Saygı değer okuyucularım.

Büyük bir coşku ve gurur ile Cumhuriyetimizin 100. Yılını kutladık. Bu topraklar üzerinde yaşamamızı nasip eden Allah'ımıza hamdediyoruz. Bu coşkuyu tatmamıza vesile olan M. Kemal Atatürk'e ve silah arkadaşlarına, kendileri aç ve açıkta oldukları halde 'VATAN SAĞOLSUN!' deyip çocuklarının hür yaşaması için canlarını feda eden şehitlerimize, gazilerimize, bugüne kadar vatanın ve milletin selameti için mücadele eden askerlerimize, güvenlik kuvvetlerimize ve diğer görevlilerimize teşekkür ediyorum.

Cümle alem biliyor ki, Milli Mücadele el birliği ile kazanıldı. Cumhuriyet hep birlikte ilan edildi. Hep birlikte sahip çıkıldı.

Ancak! Sonradan birileri! 'Pişmiş aşa su kattı.' Bu da yetmiyormuş gibi 'Arı kovanına çomak soktu.' Maalesef birileri de onların değirmenine su taşıdı. Ve ortaya Cumhuriyet bizimdir, siz Cumhuriyet düşmanısınız diye bir durum çıktı. Öyle olunca eli bırakıverip, birbirimizle dalaşa dalaşa bir 100 yılı geride bıraktık.

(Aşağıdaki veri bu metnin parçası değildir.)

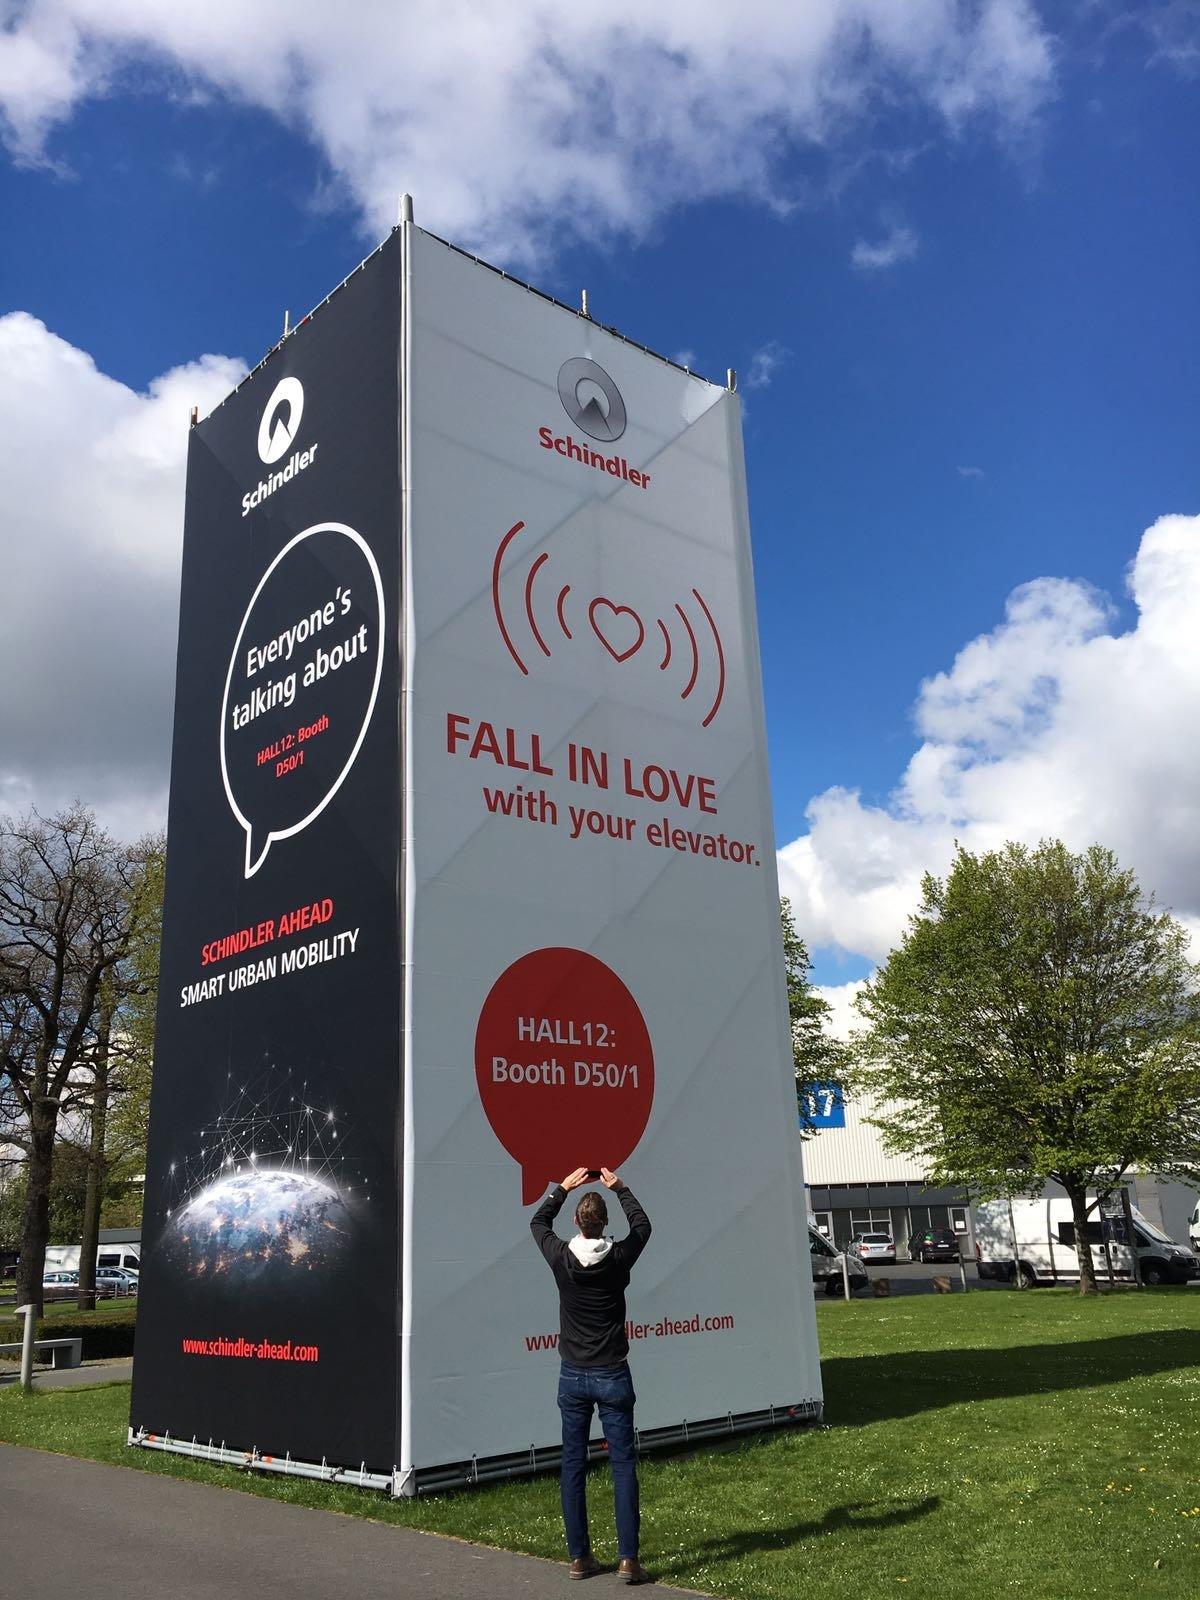 Hallo @hannover_messe, wir kommen! Unser Turm steht schon. Seid dabei unter https://t.co/Dj45f4QRyA #HM17 #IoT #Mobility https://t.co/QC3e4FYaSO

Atatürk'ün Balıkesir hutbesi, Mehmet Akif Ersoy'un Kastamonu hutbesi, Ahmet Hulusi Efendi'nin Denizli hutbesi, Çine Müftüsü ve daha nice cami ve ev sohbet ve konuşmaları itiliverip, Dini ve Milli ne varsa alaşağı edilidiğini okuyup, gördük. Onca darbe ve ihtilal yapılmış. Ha birde! Şöyle felsefe yaptı bu zihniyet aklınca; 'Darbe mi? İhtilal mi? İnkılap mı?' Bir de ortaya 67- 68 kuşağı geldi. Sonra bizim kuşak meydana çıktı. Yani 77-78 kuşağı. Hani derler ya; 'Deli deliyi gürünce çomağını saklarmış'. Bir sabah baktık ki 1980 ihtilali oluvermiş. Hadi buyur…

Şimdi ne oldu? Ne olacak, durum ortada. Hala didişiyoruz. O su taşıyanlar daha fazla çalışıyorlar. Olur. Zira cennet, vatan ve millet yolu sabır, cehennem ve ifsat yolu hız ister. Ama 'tavşan gözünü açtı' artık. Tren kalktı. Hem de kara tren değil, hızlı tren. Yollar açık, gönüller ferah olsun.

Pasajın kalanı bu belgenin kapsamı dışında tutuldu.